Conjunctive fusion by operator ``min'' in possibility theory corresponds to the fusion by the Bayes' rule in the field of probability theory. These fusions are adapted to the aggregation of sources. It is the case here, since the spectral bands can be considered as images of a scene taken at the same time and almost in the same position. Each pixel x of a spectral band Ii corresponds thus to the same pixel x of the spectral band Ij.

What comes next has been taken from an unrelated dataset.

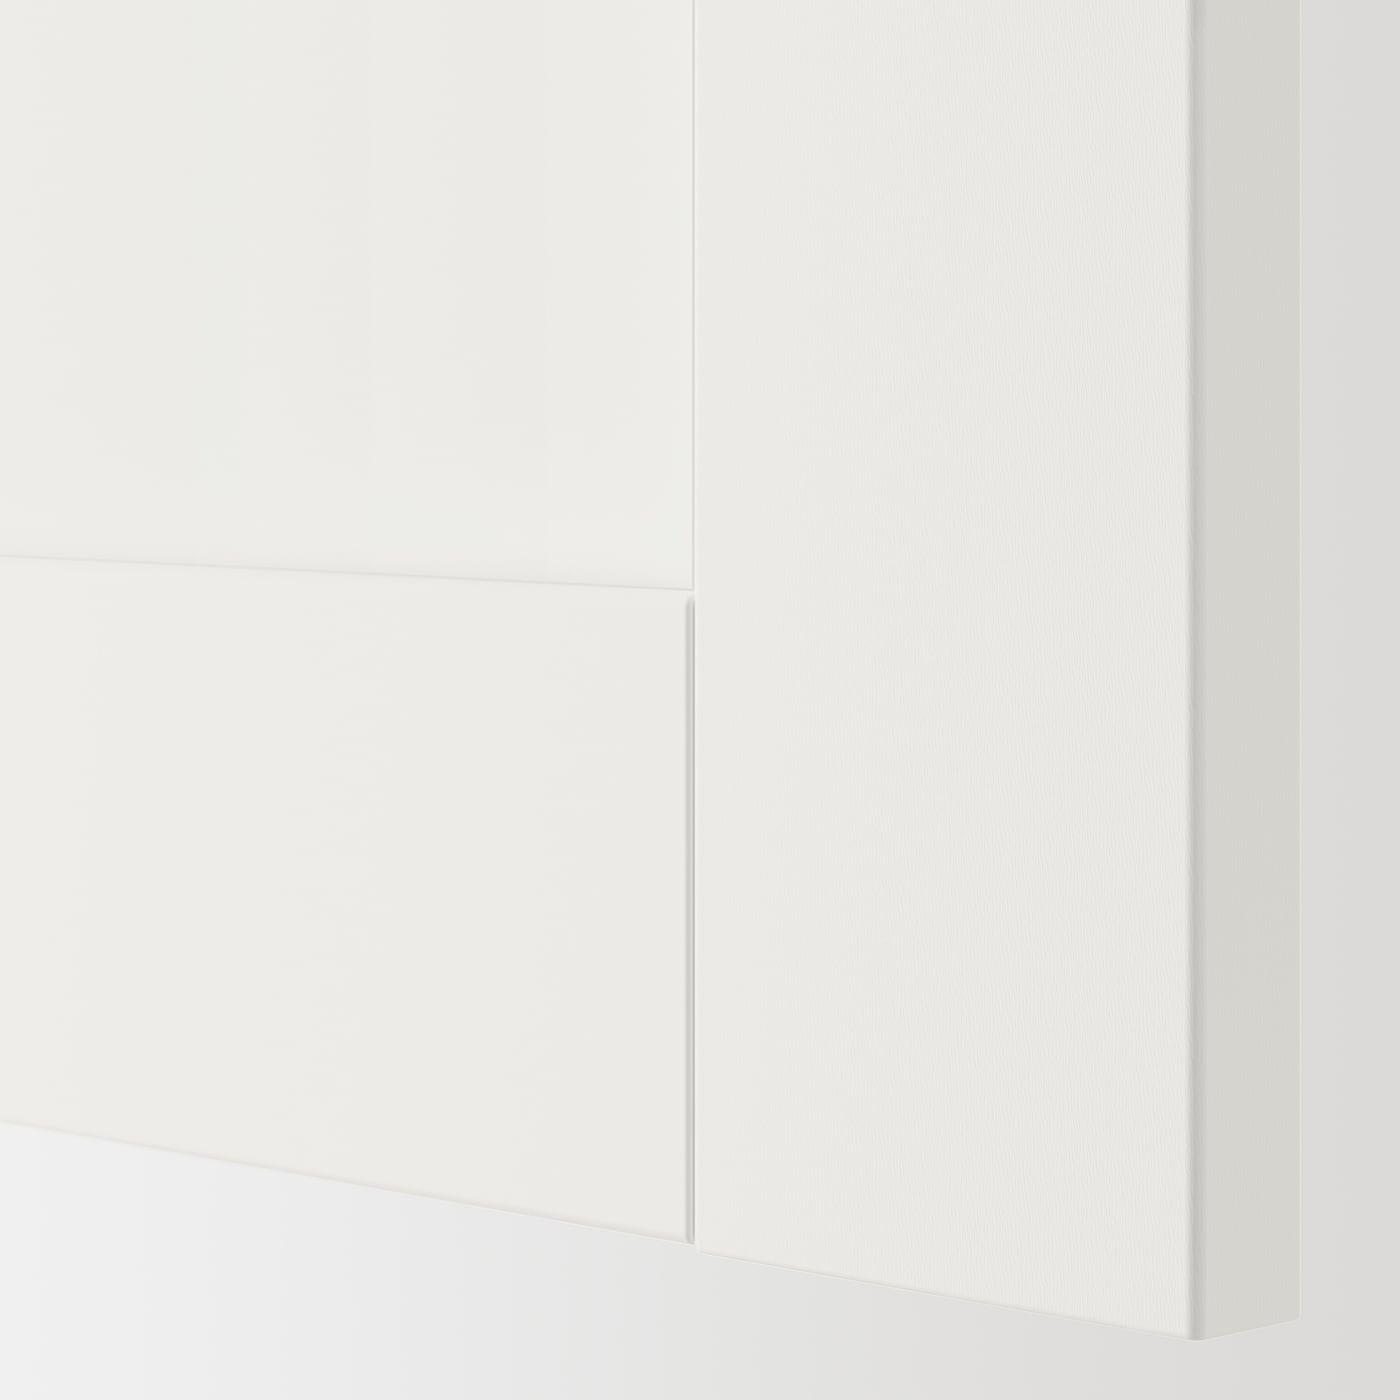 ENHET Onderkast met 3 lades, wit/wit frame, 60x60x75 cm

So, all the spectral bands agree, at the beginning, to say more or less strongly that pixel x belongs to class c. Information to be fused are redundant.
However, the sensors used for the shots are not perfect, because the images they provide contain additional noise. Moreover, one pixel is an amalgam of the various objects present at the surface of the ground within the limit of the space resolution of the sensor used.
For these images, the sensors MSS of LANDSAT have a space resolution of 57 meters (line) x 79 meters (column). A pixel thus contains information made up of the various spectral signatures of the objects within the limits of the pixel. But the various sensors are not sensitive in the same way to the different spectral signatures. For example sensor MSS7 (near infrared) is very sensitive to the presence of water, and recognizes class 7 (irrigated cultures) in the best way.
These various difficulties make more difficult the fact that all the
spectral bands affirm that a pixel x belongs to class c.